Equity concerns: One key equity concern is that a housing value model may reproduce existing neighborhood inequality rather than measure value in a neutral way. In Philadelphia, sale prices are shaped not only by housing characteristics, but also by long histories of segregation, disinvestment, and uneven public investment. As a result, the model may learn and reinforce patterns that already disadvantage certain neighborhoods. Another concern is that prediction errors may not be evenly distributed across space. If the model performs worse in some neighborhoods than others, those areas may be treated less fairly in assessment or policy decisions. In addition, some variables may act as indirect proxies for race, class, or neighborhood disadvantage, even if those characteristics are not directly included. This means a model can be statistically accurate overall while still raising important fairness concerns.

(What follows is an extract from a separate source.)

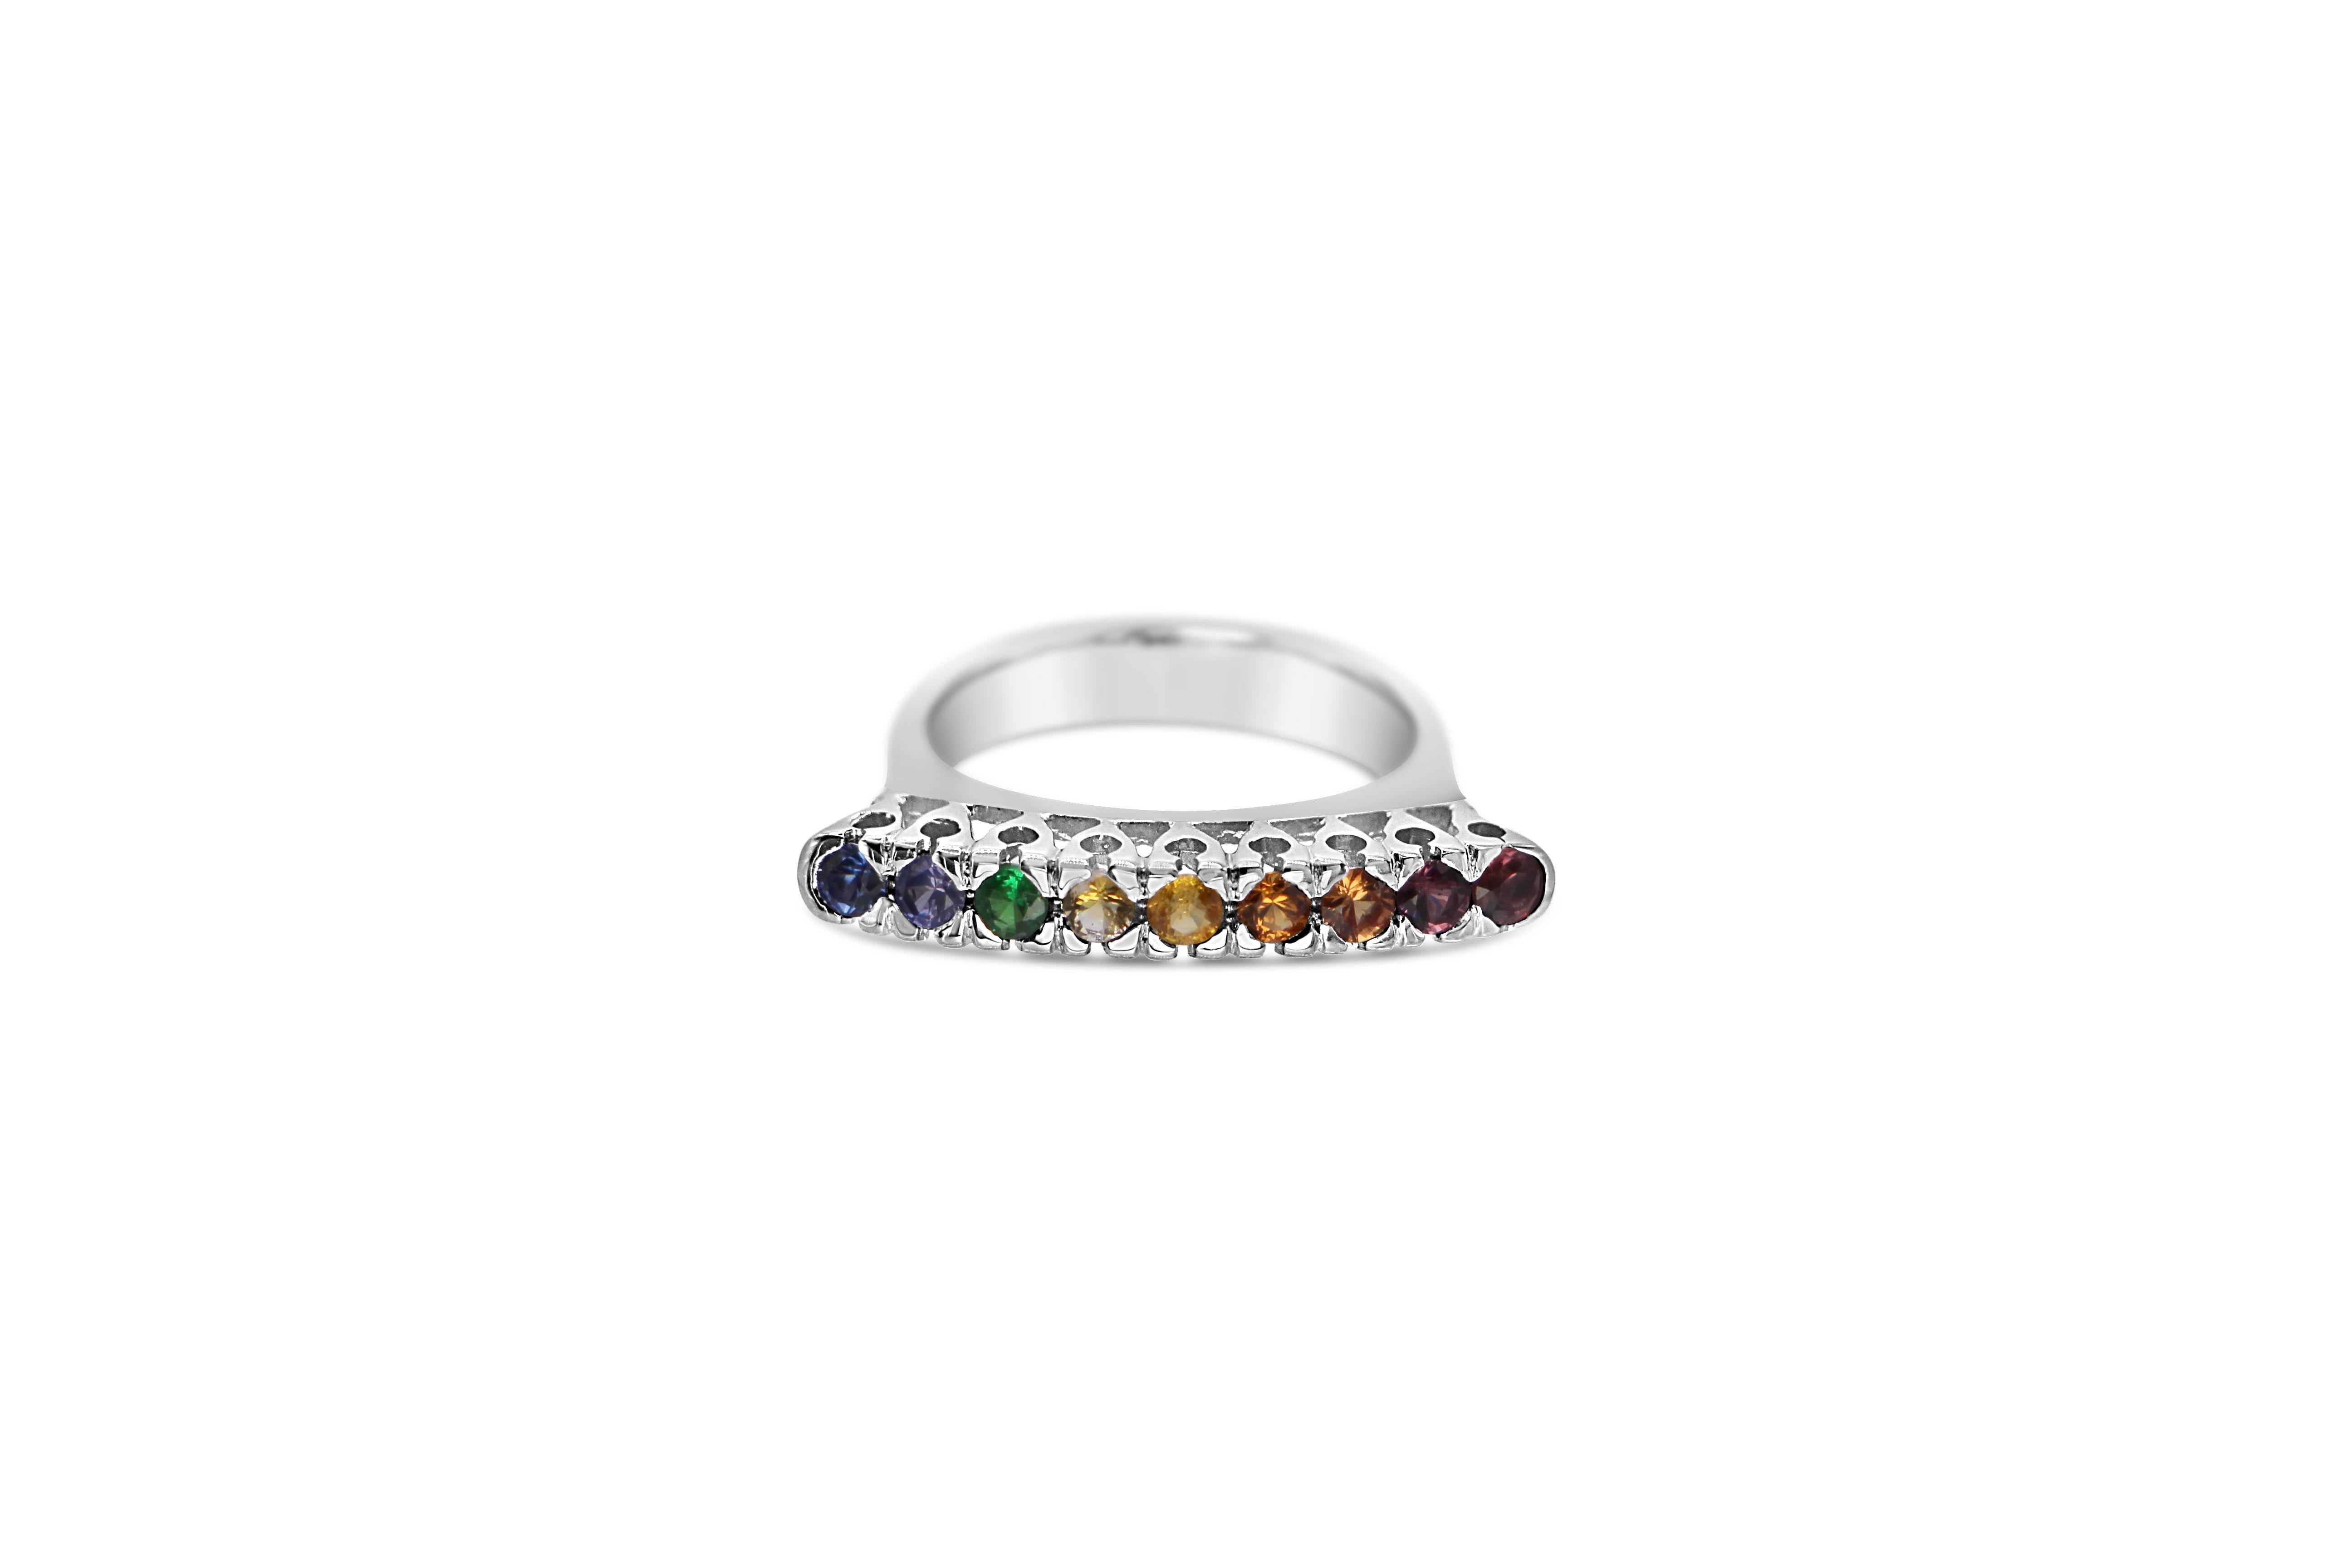 Rainbow Eternity Ring Sapphire Emerald Citrine and more Precious Stones, in 18Kt gold.
The precious stones in this handcrafted 18Kt white gold ring have the prong setting which is very safe for the ring, and gives a very beautiful and sparkling

Limitations: This analysis has several important limitations. First, the model was estimated using observed sale prices, which reflect not only housing characteristics and location, but also broader market conditions and long-standing structural inequalities. As a result, the model predicts how the market values properties, not necessarily their intrinsic or socially fair value. Second, some extreme sale price outliers were removed to improve model stability and predictive accuracy. While this helps reduce the influence of unusual observations, it also means the model may be less able to represent the full range of the housing market, especially very high-value or highly atypical properties. In other words, trimming outliers improves performance for the majority of observations but may reduce accuracy at the extremes. A further limitation is that the model may still omit important variables that influence housing values, such as detailed housing renovations, school perception, or block-level amenities that are difficult to measure. In addition, the diagnostic results show evidence of heteroskedasticity, non-normal residuals, and a small number of influential observations. This suggests that model errors are not perfectly well behaved, and coefficient estimates should therefore be interpreted with caution. Finally, although census tract fixed effects improved the model’s predictive accuracy, they mainly capture neighborhood differences rather than explain exactly what causes them. This improves model fit, but it also makes the results harder to interpret and may hide deeper structural inequalities across neighborhoods. In the future,the findings would benefit from further examination using additional variables, alternative model forms, and more detailed neighborhood-level analysis.
Portions of the written text in this report were assisted by ChatGPT for grammatical correction, stylistic refinement, and clarity of expression. ChatGPT was also used to help identify coding errors and improve code readability. All analytical decisions, model construction, statistical interpretation, and final conclusions were determined and approved by the author.